As a workaround, i now chain all of the NBLs that are OK altogether (instead of sending them one by one), and then send all of them at once via NdisFIndicateReceiveNetBufferLists.
My question is, will this change cause any issue? Any difference between sending X number of NBLs one by one vs chaining them together and sending all of them at once? (since most of them might be related to different flows/apps)
Also, the benefit of chaining packets together is much greater in multi packet receive compared to multi packet send via FilterSendNetBufferLists, why is that?
An NET_BUFFER represents one single network frame. (With some appropriate hand-waving for LSO/RSC.)
An NET_BUFFER_LIST is a collection of related NET_BUFFERs. Each NET_BUFFER on the same NET_BUFFER_LIST belong to the same "traffic flow" (more on that later), they have all the same metadata and will have all the same offloads performed on them. So we use the NET_BUFFER_LIST to group related packets and to have them share metadata.
The datapath generally operates on batches of multiple NET_BUFFER_LISTs. The entire batch is only grouped together for performance reasons; there's not a lot of implied relation between multiple NBLs within a batch. Exception: most datapath routines take a Flags parameter that can hold flags that make some claims about all the NBLs in a batch, for example, NDIS_RECEIVE_FLAGS_SINGLE_ETHER_TYPE.
So to summarize, you can indeed safely group multiple NET_BUFFER_LISTs into a single indication, and this is particularly important for perf. You can group unrelated NBLs together, if you like. However, if you are combining batches of NBLs, make sure you clear out any NDIS_XXX_FLAGS_SINGLE_XXX style flags. (Unless, of course, you know that the flags' promise still holds. For example, if you're combining 2 batches of NBLs that both had the NDIS_RECEIVE_FLAGS_SINGLE_ETHER_TYPE flag, and if you verify that the first NBL in each batch has the same EtherType, then it is actually safe to preserve the NDIS_RECEIVE_FLAGS_SINGLE_ETHER_TYPE flag.)

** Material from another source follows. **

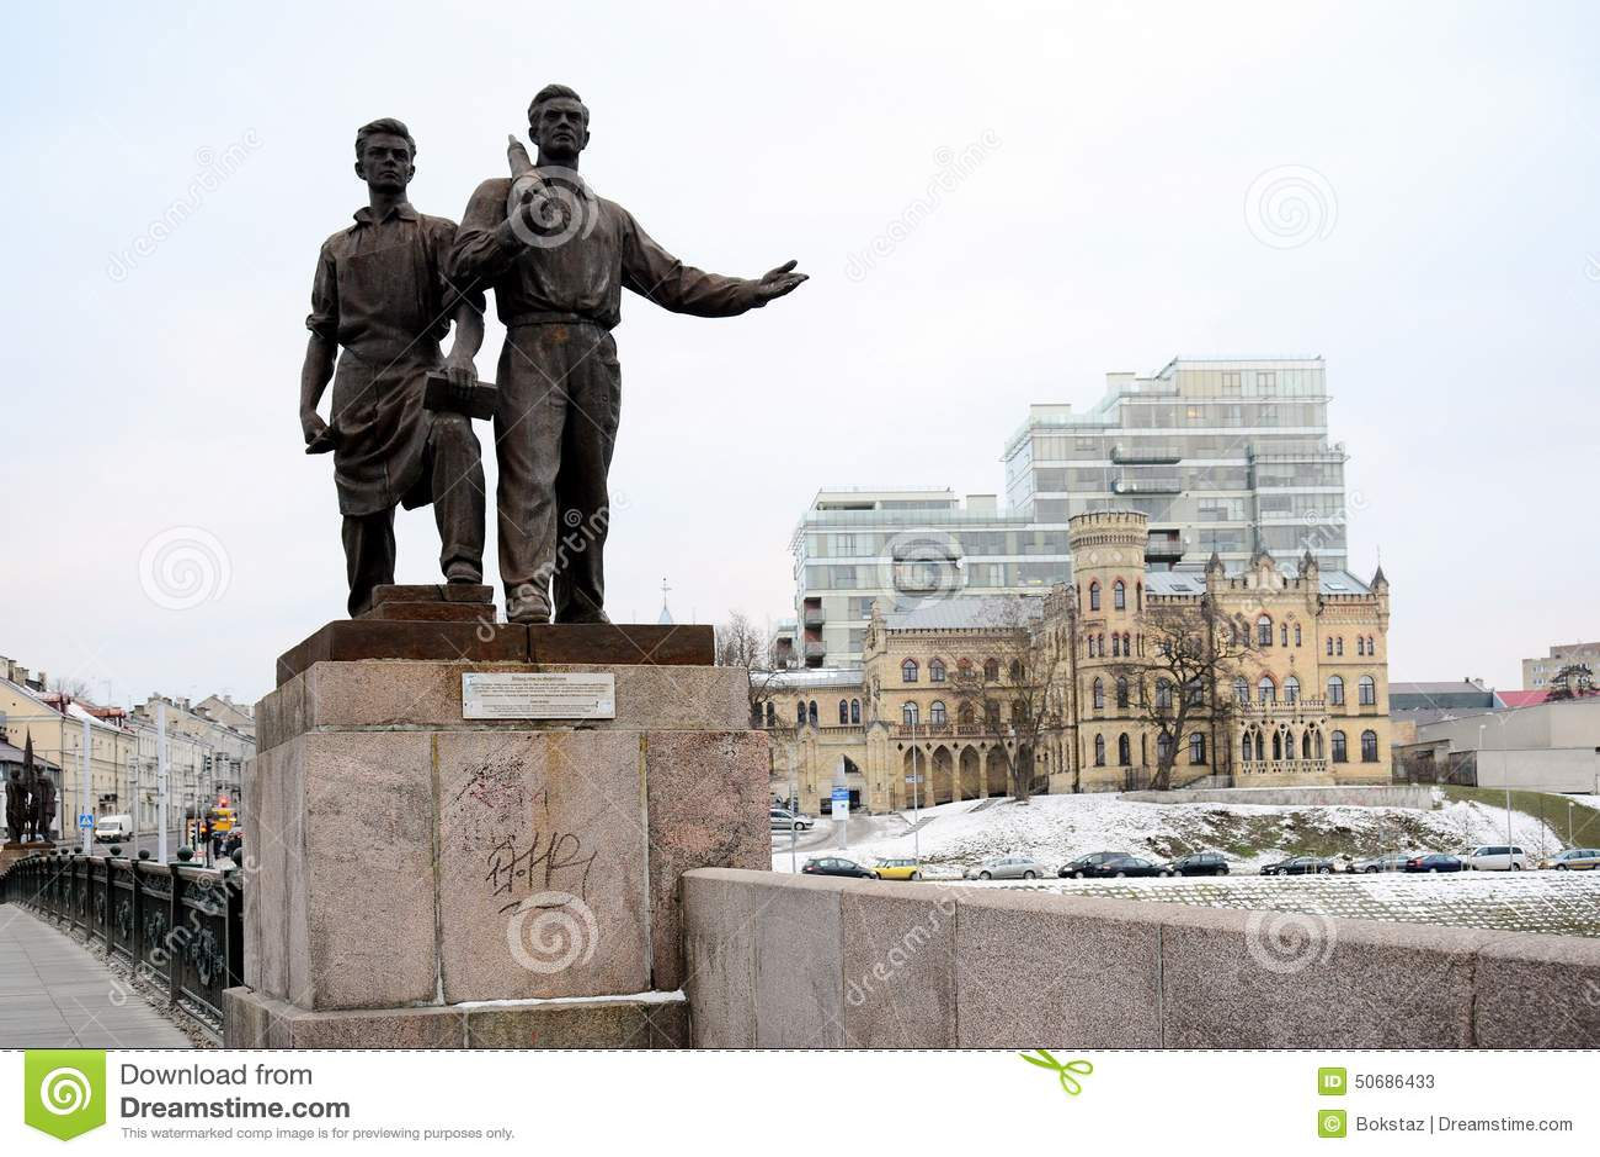 Download 工作者雕塑绿色桥梁的 库存图片. 图片 包括有 石头, 贿赂, 室外, 拱道, 立陶宛, 历史记录, 垫座 - 50686433

However note that you generally cannot combine multiple NET_BUFFERs into the same NET_BUFFER_LIST, unless you control the application that generated the payload and you know that the NET_BUFFERs' payloads belong to the same traffic flow. The exact semantics of a traffic flow are a little fuzzy down in the NDIS layer, but you can imagine it means that any NDIS-level hardware offload can safely treat each packet as the same. For example, an IP checksum offload needs to know that each packet has the same pseudo-header. If all the packets belong to the same TCP or UDP socket, then they can be treated as the same flow.
Also, the benefit of chaining packets together is much greater in multi packet receive compared to multi packet send via FilterSendNetBufferLists, why is that?

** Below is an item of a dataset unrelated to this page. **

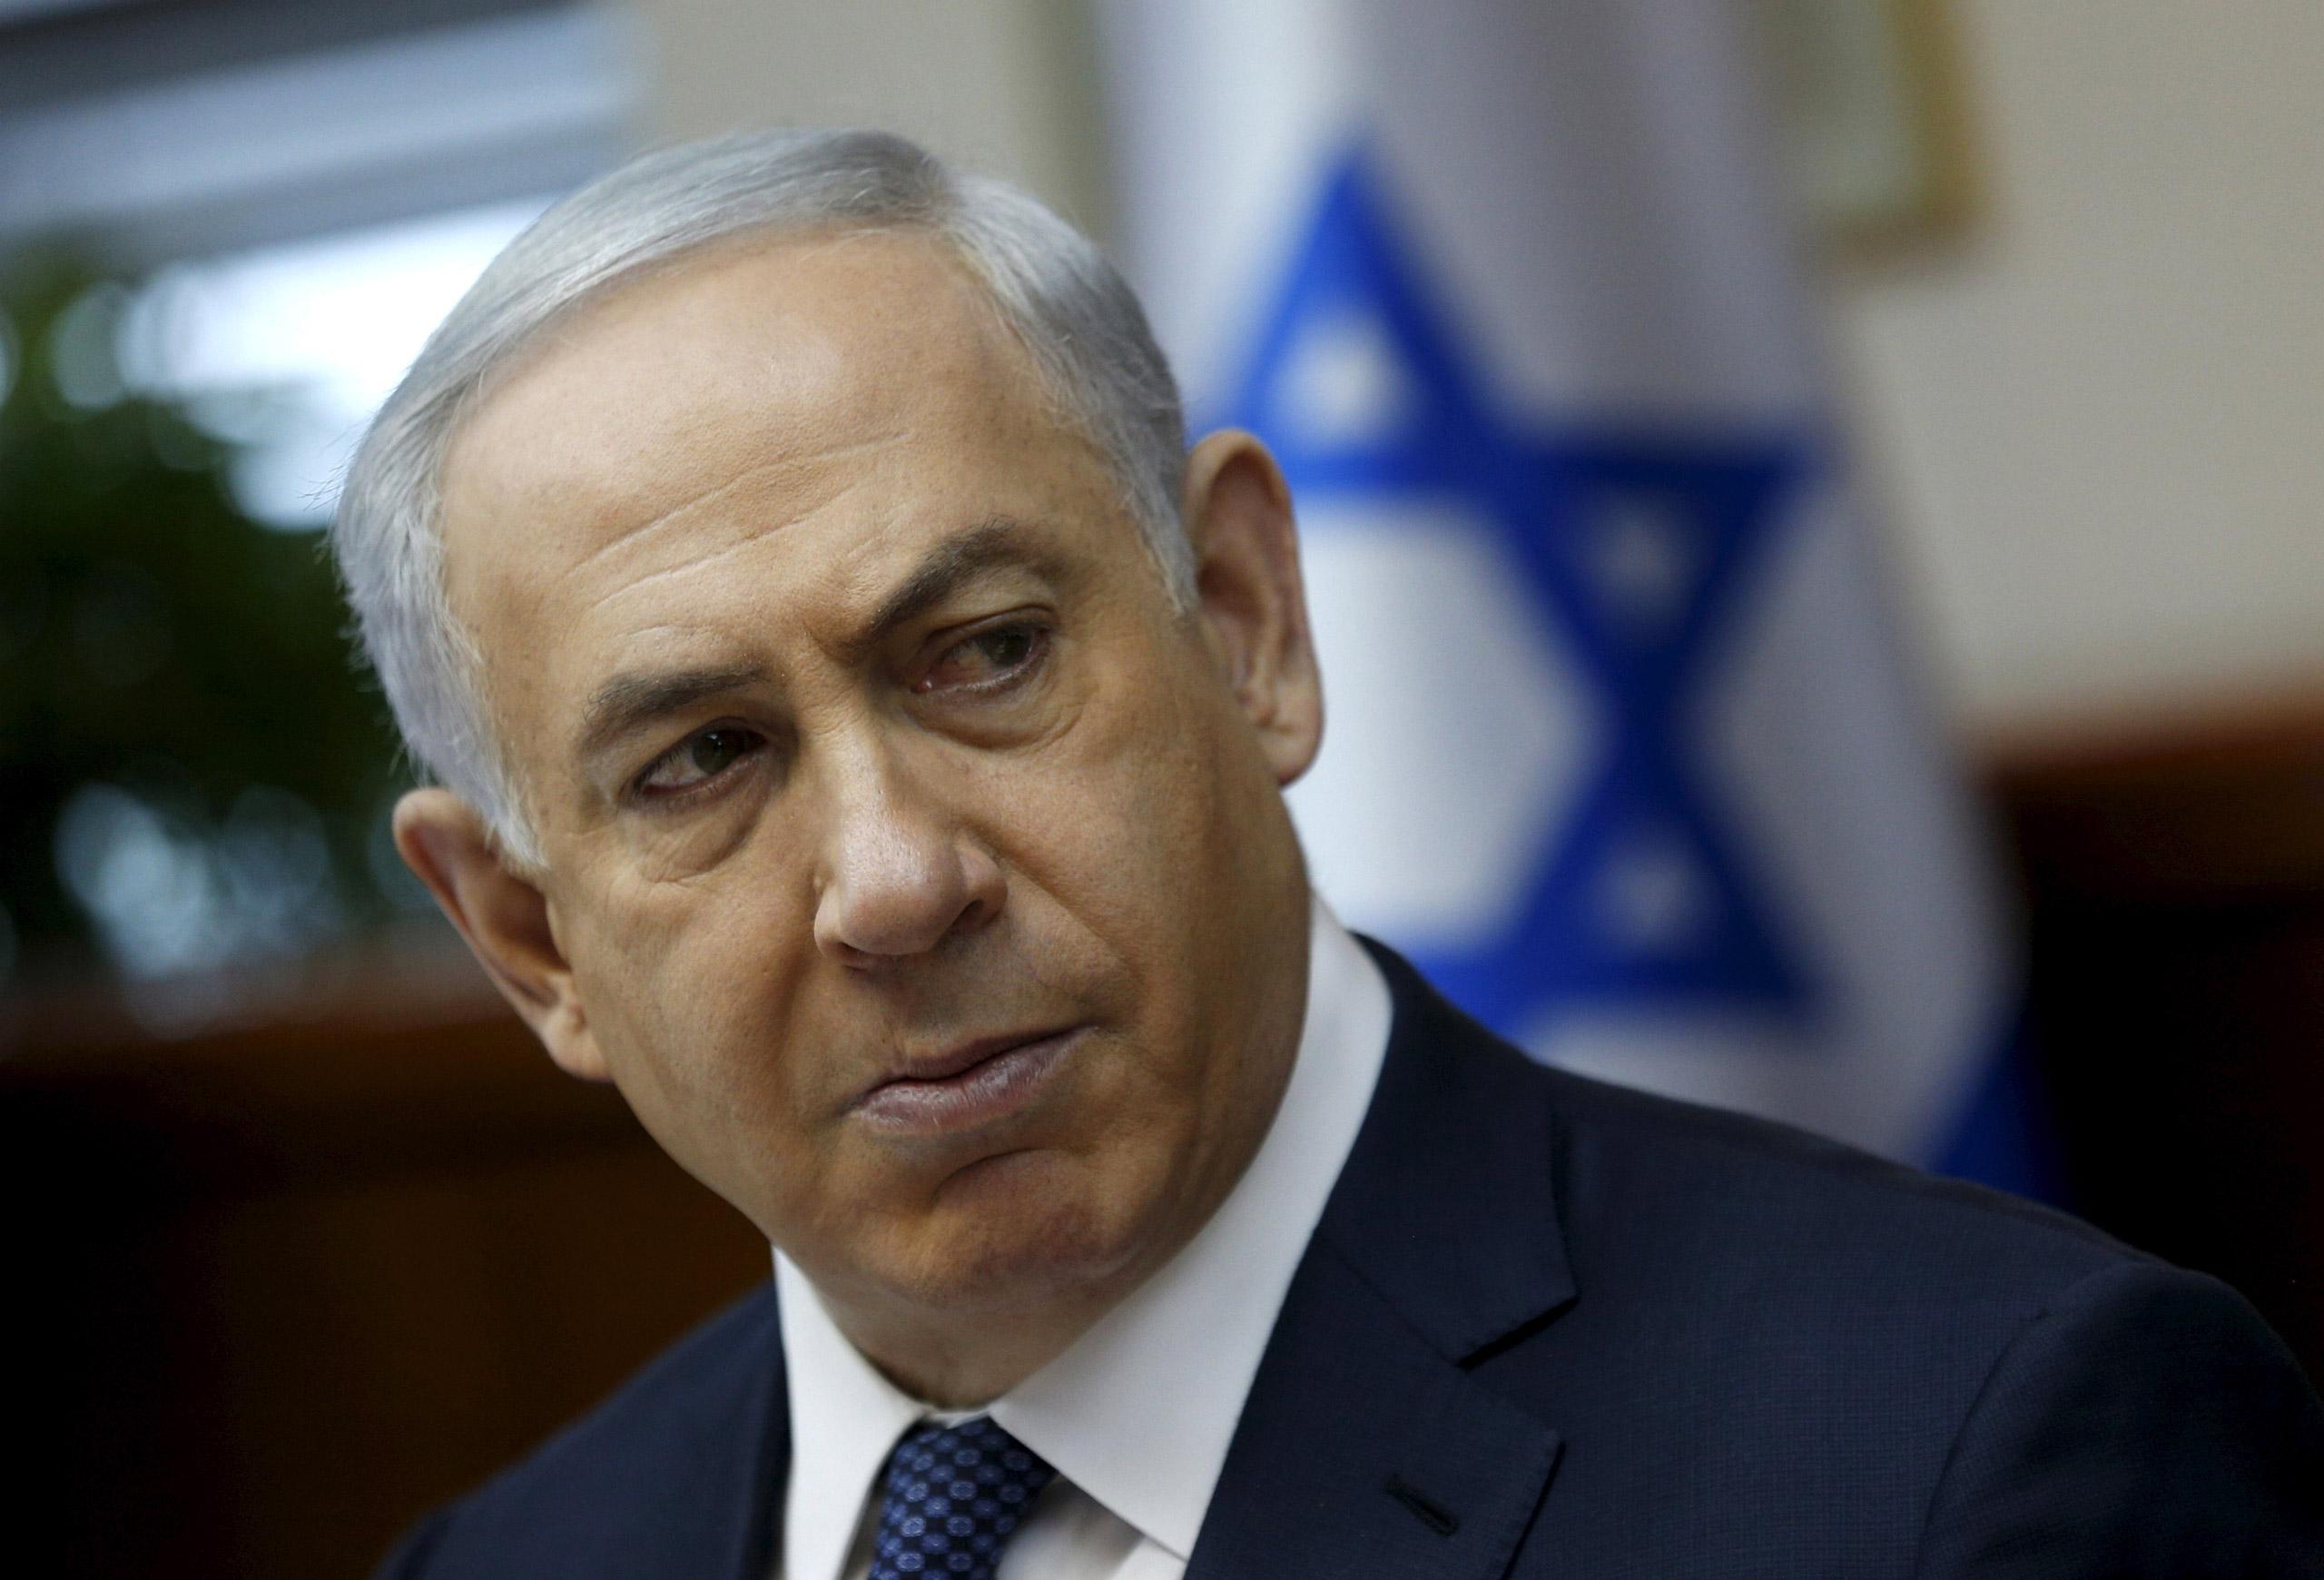 Israeli Prime Minister Benjamin Netanyahu attends the weekly cabinet meeting in Jerusalem on Jan. 3,  2016.

Receive is the expensive path, for two reasons. First, the OS has to spend CPU to demux the raw stream of packets coming in from the network. The network could send us packets from any random socket, or packets that don't match any socket at all, and the OS has to be prepared for any possibility. Secondly, the receive path handles untrusted data, so it has to be cautious about parsing.
In comparison, the send path is super cheap: the packets just fall down to the miniport driver, who sets up a DMA and they're blasted to hardware. Nobody in the send path really cares what's actually in the packet (the firewall already ran before NDIS saw the packets, so you don't see that cost; and if the miniport is doing any offload, that's paid on the hardware's built-in processor, so it doesn't show up on any CPU you can see in Task Manager.)
So if you take a batch of 100 packets and break it into 100 calls of 1 packet on the receive path, the OS has to grind through 100 calls of some expensive parsing functions. Meanwhile, 100 calls through the send path isn't great, but it'll be only a fraction of the CPU costs of the receive path.